Concerning energy price, we have found that it negatively affects electricity consumption in the long term; this is in line with economic theory which suggests that when the price increases, demand decreases. In the short term, the price of energy has a positive impact on electricity consumption. Oil consumption has not been affected by energy prices in either the long or short term.
Many studies have shown significant impacts of per capita income and real price on energy demand estimates (see, for example, Belke et al (2011), Bernstein and Madlener (2015).
Destek (2018), observed that real income is positively correlated with energy consumption and that energy prices have a negative impact on energy consumption.
The results indicate that overall foreign direct investment inflows do not significantly affect energy consumption. Lee (2013) shows that there is no convincing evidence of a link between FDI and the use of clean energy.
Sadorsky (2010) suggests two reasons why stock markets affect energy demand. The first effect, short-run activity, is the wealth (level) effect. As a leading indicator of future economic prospects, the increase in stock market activity affects consumer and business confidence, which in turn increases energy demand. The successful development of the stock market is accompanied by an increase in financial regulations such as accounting and reporting standards. These increases in financial regulation strengthen investor confidence. This increased investor confidence is particularly important to attract foreign investors.
The second theoretical effect is the efficiency effect, the investment canal that helps companies access the source of financing with equity financing. The development of stock markets increases diversification and liquidity, which increases the amount of investment in higher-yield, higher-risk projects. As the development of stock markets increases the amount of funds available for investment projects, it is expected that the development of stock markets will lead to more investment, economic growth and energy demand.
Our empirical results confirm the existence of these two effects. The size of the stock market (market capitalization) has a positive and significant long-term impact on electricity consumption at the 1% level in G20 countries. For electricity consumption, long-term results indicate that the size of the stock market measured by market capitalization and liquidity (total value of traded shares) have a positive and statistically significant impact on oil demand at the 1% threshold. In the short term, the liquidity of the stock markets increases electricity consumption.
The positive effect of the development of stock markets on energy consumption is consistent with some previous work. For example, Hasnaoui (2014) finds a significant effect of stock market developments on OECD countries' energy consumption by conducting a Principal Component Analysis (PCA).

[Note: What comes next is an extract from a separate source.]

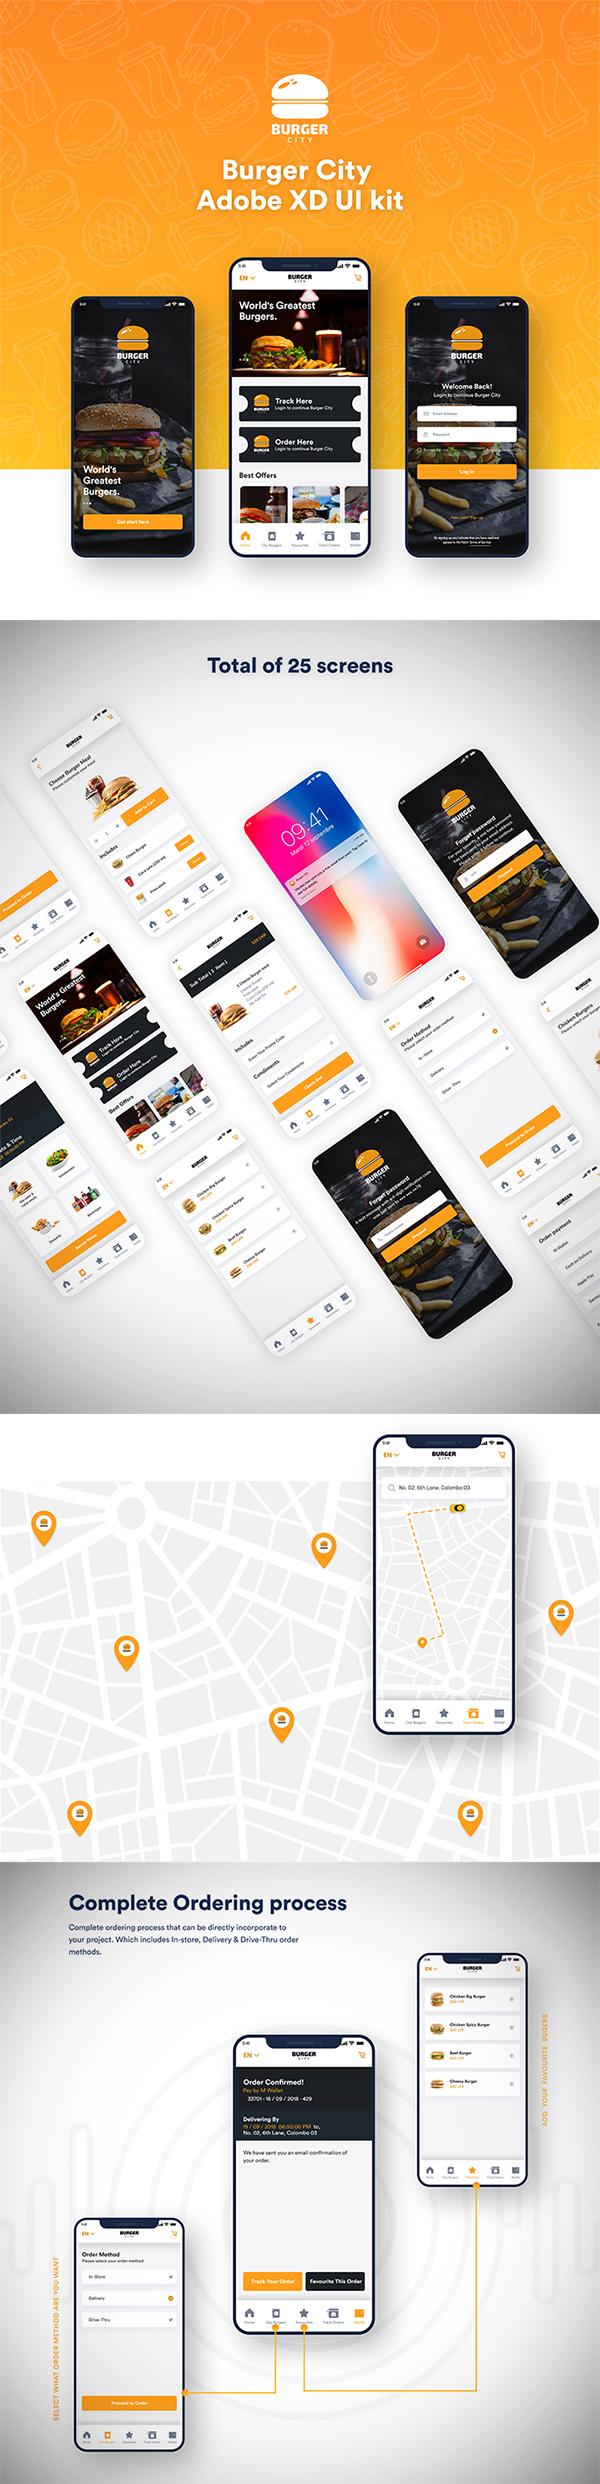 Free Download Creative Burger Store Mobile App (Adobe XD UI kit)

In the case of EU countries, the study by Çoban and Topçu (2013) shows that stock market developments have no significant effect on energy consumption in general, but that they have a significant influence on energy consumption in the old member countries.
The empirical results presented show that the increased development of stock markets increases energy demand in the economies of G20 member countries. Since the development of stock markets in these economies is expected to increase only in the future, this additional increase in energy demand linked to increased financial development should be taken into account when modeling energy demand in G20 countries.